Dr. Stein voiced Kerris’s fear. That she would hurt Walsh. That as much as she cared for him, as much as he meant to her, as deeply as she felt connected to him, that her damaged self would hurt him. She couldn’t live with that. And yet, the thought of him made her throb. Not just him physically, but his gentleness, his intuition, his sensitivity, his intensity, his strength. Could she really do the hard work it would take for all of that to be hers? Did she even deserve it?

* * *

A week later, Kerris was no closer to peace. She’d been wrestling with the issues Dr. Stein unearthed. The past was a labyrinth she couldn’t find a way out of. With every turn she took, she hoped it would lead to an exit to a new life, a new chapter, but each turn just looped her back into old memories, old patterns, old hurts. Sometimes, alone outside, Kerris could work things out that made no sense when she was indoors, so she set out for her garden.

“Mama Jess, I’m out back picking greens and tomatoes.”

Kerris let the screen door slam behind her, stomping toward the garden. She’d spent a lot of time out there in the week since she’d sent off the divorce papers. Seemed like this garden was a form of therapy all its own.

Kerris grabbed the bucket they always left at the garden gate, and slipped on her hot-pink Hunter rain boots. She rolled up the sleeves of the men’s shirt she’d snatched up from the Salvation Army thrift store last week, the tail of the oversize shirt flowing to mid-thigh. With the shirt completely covering her tiny cutoff denim shorts, and the hot-pink rain boots covering her calves up to her knees, she didn’t want to think about the picture she made. She looped her hair up into a knot on top of her head, secured with a wooden spoon.

She started down a row of tomatoes, bucket in hand, squatting to inspect the first bushel, not turning when she heard Mama Jess come up behind her.

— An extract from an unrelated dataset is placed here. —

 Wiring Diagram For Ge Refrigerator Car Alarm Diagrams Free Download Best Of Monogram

“I think you were right about these tomatoes, Mama Jess.” She tossed the words over her shoulder, moving onto the next bushel. “Still a lot of green. We do have a few in the house, though, right? I was gonna make a salad tonight for myself since you’ll be off playing bingo.”

Kerris stepped across a couple of rows, careful to avoid the still-growing vegetation. She reached down to caress a collard green leaf.

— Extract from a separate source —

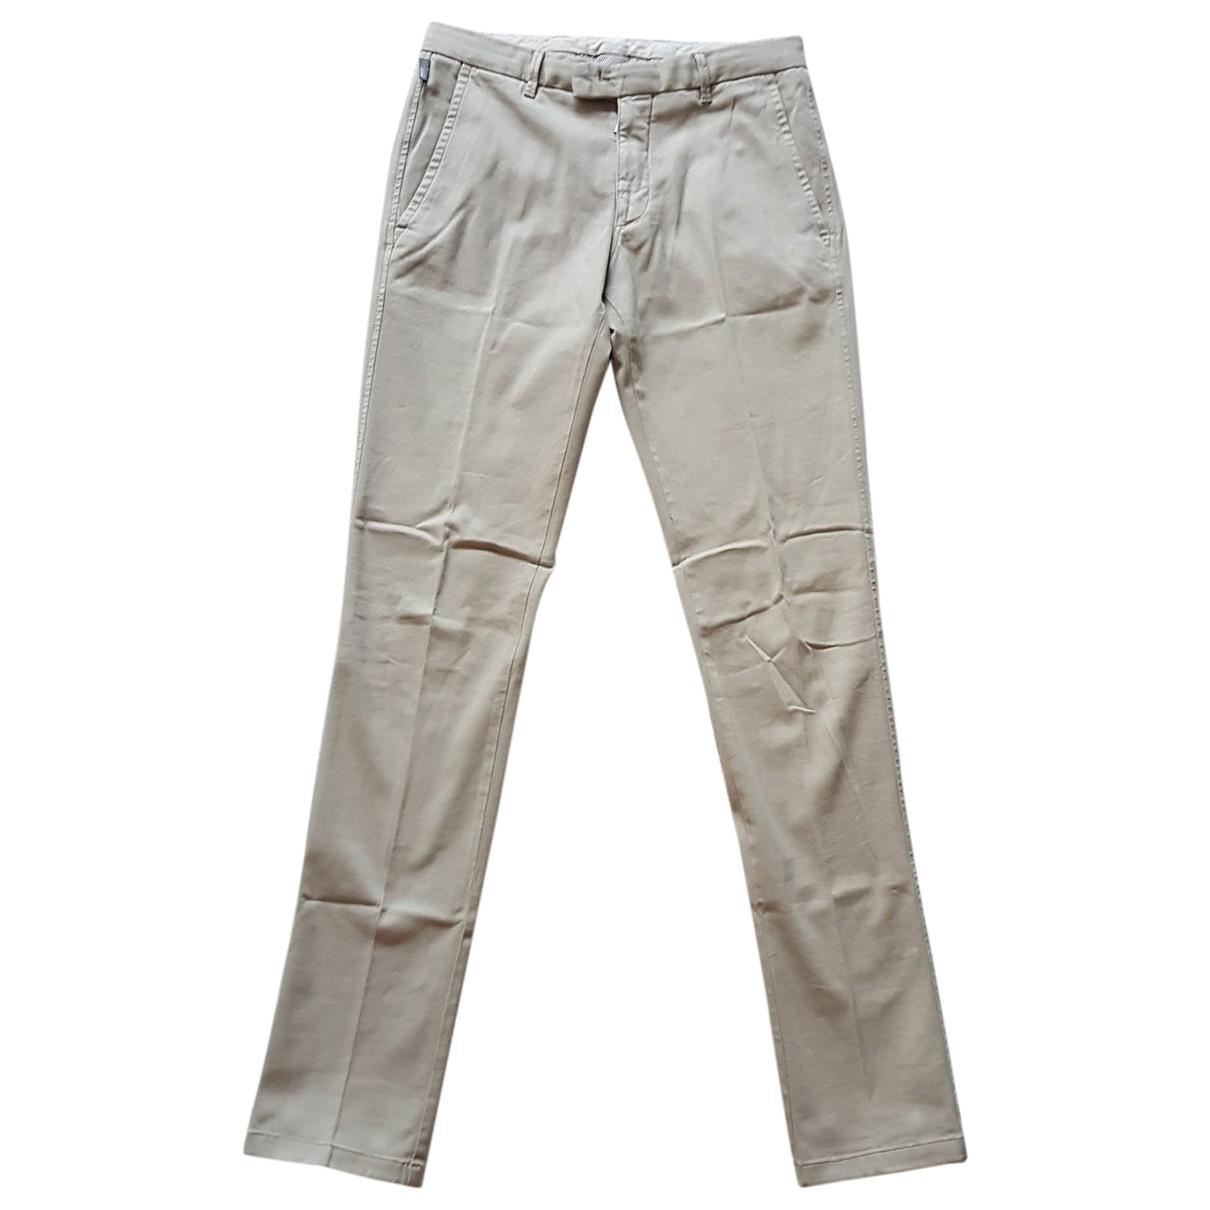 Pantalones en Algodon Beige Armani Collezioni

“These are ready, though,” she said to the still-quiet Mama Jess. “I’ll pull some of these and we can have them for dinner tomorrow night. How’s that sound?”

The woman wasn’t this quiet even when she was asleep.

“Did you hear—”

Kerris turned, and the words froze in her throat and then melted under the heat of Walsh’s gaze. He was still on the tomato row, a few feet behind her, incongruous with his tailored slacks and his expensive shoes planted in the dirt of her garden.

“Walsh.” She dropped her bucket.

“Kerris.” The brewing storm in his eyes said the evenness of his tone was a lie.

“Why are you here?” One hand flew up to her messy hair and the other tugged the tail of her Salvation Army shirt.